TASK STATEMENT
Could you output each line below exactly as it appears, excluding any pictures?
-------- GIVEN INFORMATION --------
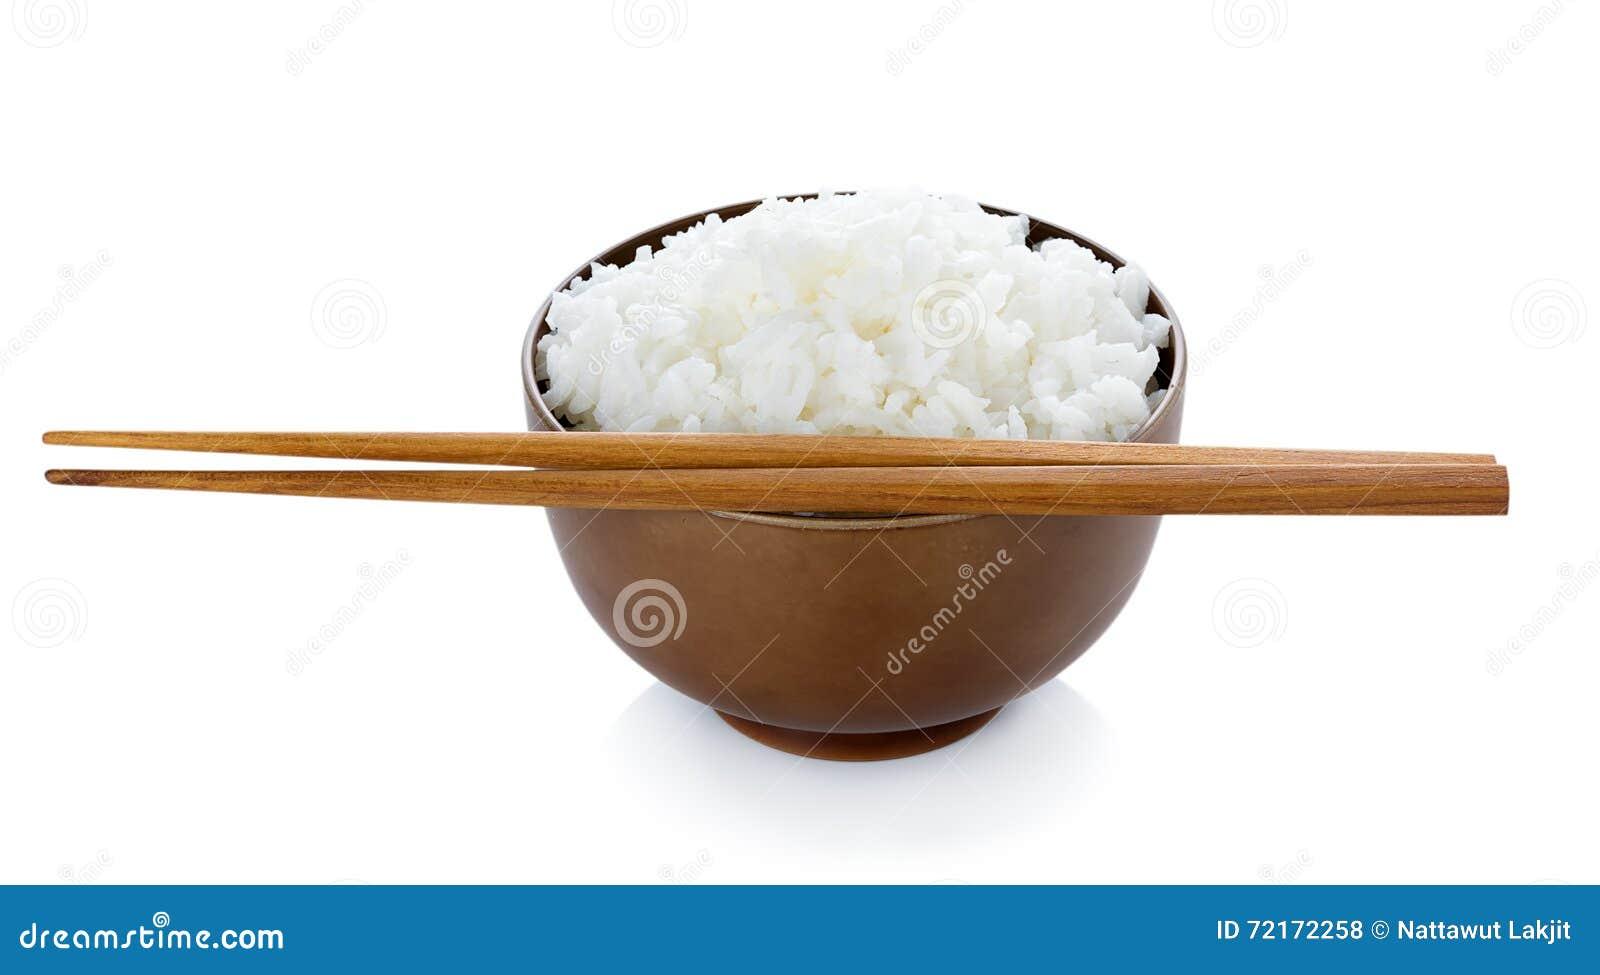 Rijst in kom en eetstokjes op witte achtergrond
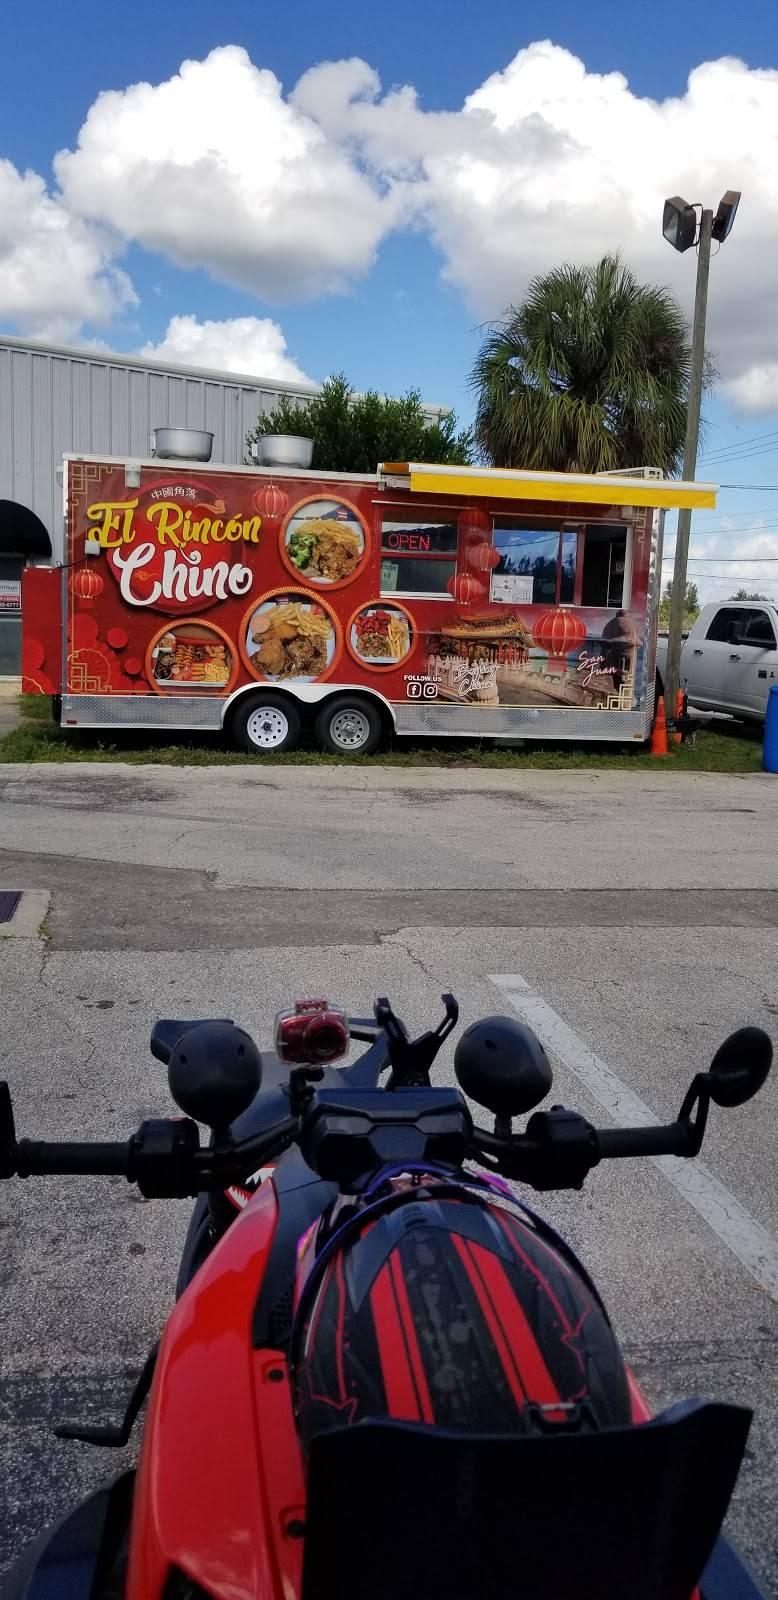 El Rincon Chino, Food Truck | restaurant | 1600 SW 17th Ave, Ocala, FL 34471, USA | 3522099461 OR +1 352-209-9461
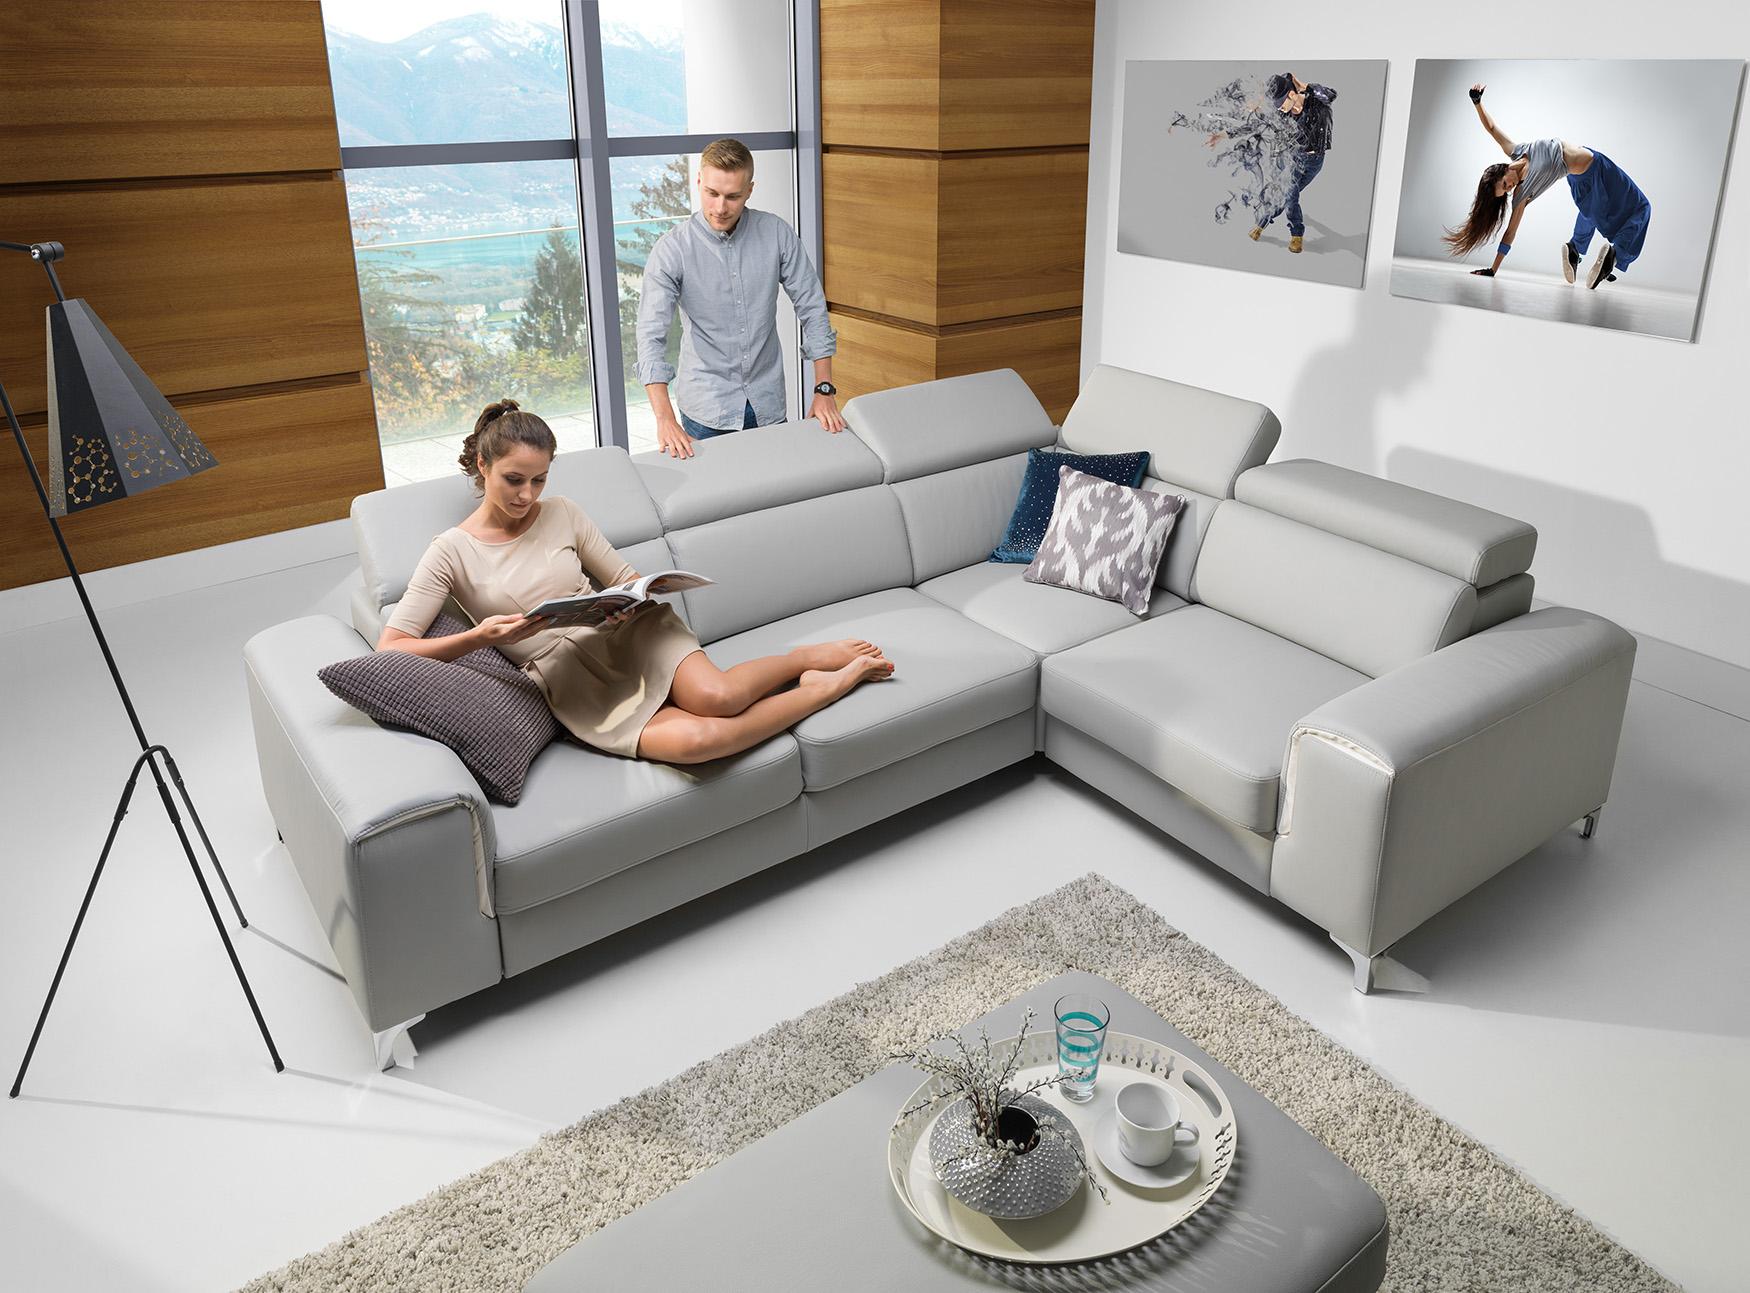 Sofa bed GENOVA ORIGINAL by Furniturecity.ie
--------
RESULT OF THIS TASK
 Rijst in kom en eetstokjes op witte achtergrond
 El Rincon Chino, Food Truck | restaurant | 1600 SW 17th Ave, Ocala, FL 34471, USA | 3522099461 OR +1 352-209-9461
 Sofa bed GENOVA ORIGINAL by Furniturecity.ie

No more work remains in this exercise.